The hard drives used were identical; Patriot Burst 240GB SSD s.

make clean && make depend;

then:

FreeBSD 14.0

/usr//bin/time make -j 8

...much hullabaloo...

151.22 real 1025.83 user 32.37 sys

Ok, now I shut down and fired up my FreeBSD 13.2 disk on the same system and ran config, make clean and make depend on the same configuration.

FreeBSD 13.2

/usr//bin/time make -j 8

...much hullabaloo...

144.60 real 967.90 user 34.07 sys

So according to this, the FreeBSD 13.2 system was 7 seconds faster. Nothing to light your hair on fire over, but a difference nonetheless.

Now the benchmark I saw ran the benchmark on a 64 core Epyc CPU, so I thought maybe freeBSD 14 handled a larger number of cores substantially better. So I re-ran the test using 20 cores. Note I never like to use all of them because then other stuff in the system trying to run can compromise the results.

FreeBSD 14.0

/usr//bin/time make -j 20

...much hullabaloo...

109.48 real 1505.26 user 44.66 sys

FreeBSD 13.2

/usr//bin/time make -j 20

...much hullabaloo...

92.70 real 1442.11 user 46.25 sys

So using 20 cores, the difference was more; almost 17 seconds.

Conclusion

Anecdotally I didn't believe that FreeBSD 14 was much faster than 13.2, and a practical test on a 24 core system showed that to be true. Now there are differences between the 2 systems; different version of the CLANG compiler. FreeBSD 14 has 2026 object files and FreeBSD 13,2 has 1997. So that difference could be the equalizer in this particular un-scientific test.

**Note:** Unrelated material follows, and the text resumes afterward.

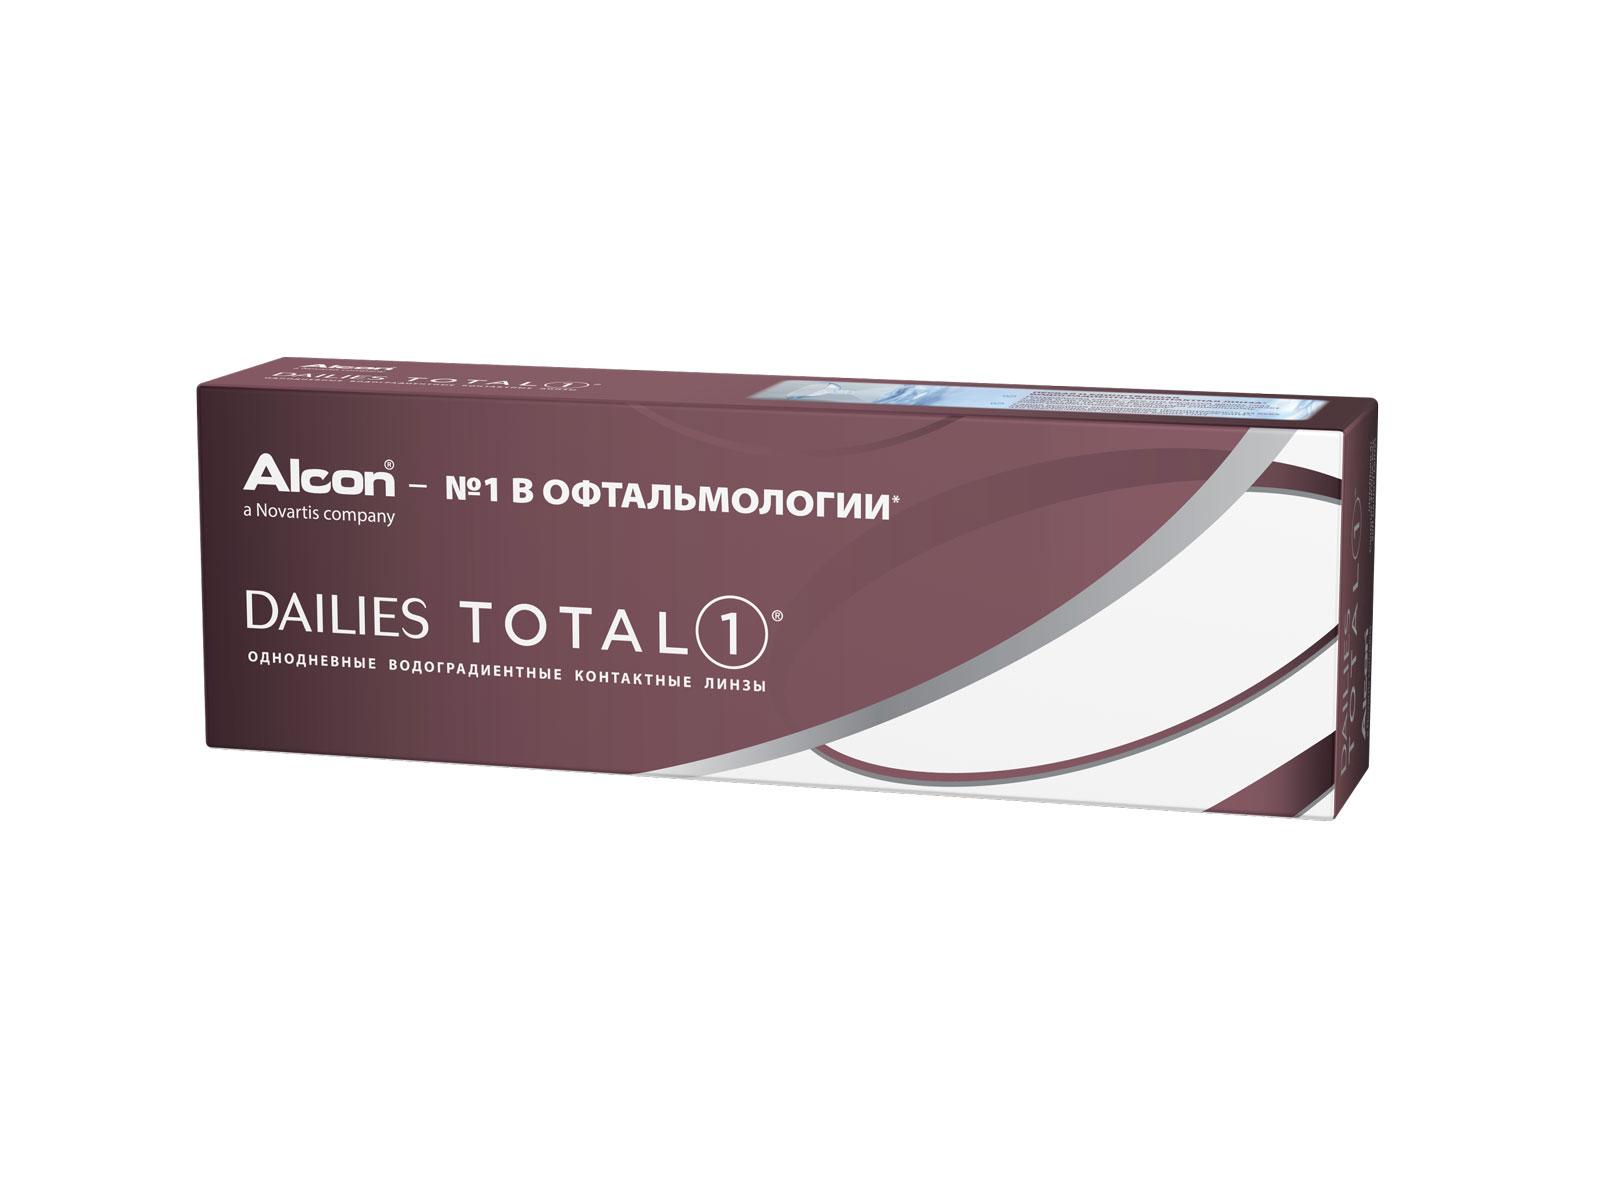 Alcon контактные линзы Dailies Total 1 30pk /+5.25 / 8.5 / 14.1100029297Dailies Total 1 – линзы, которые не чувствуешь с утра и до поздного вечера. Эти однодневные контактные линзы выполнены из уникального водоградиентного материала, багодаря которому натуральная слеза – это все, что касается ваших глаз. Почти 100% влаги на поверхности обеспечивают непревзойденный комфорт до 16 часов ношения.

My feeling is that there was something unusual about the published benchmarks on FreeBSD 14; perhaps just more efficiency with the Epyc cpu or a misconfigured 13.2 system. From my use of both systems for the past few months and these practical tests, I'd say FreeBSD 13.2 and FreeBSD 14.0 are both very fast, but FreeBSD 14 isn't must faster if at all.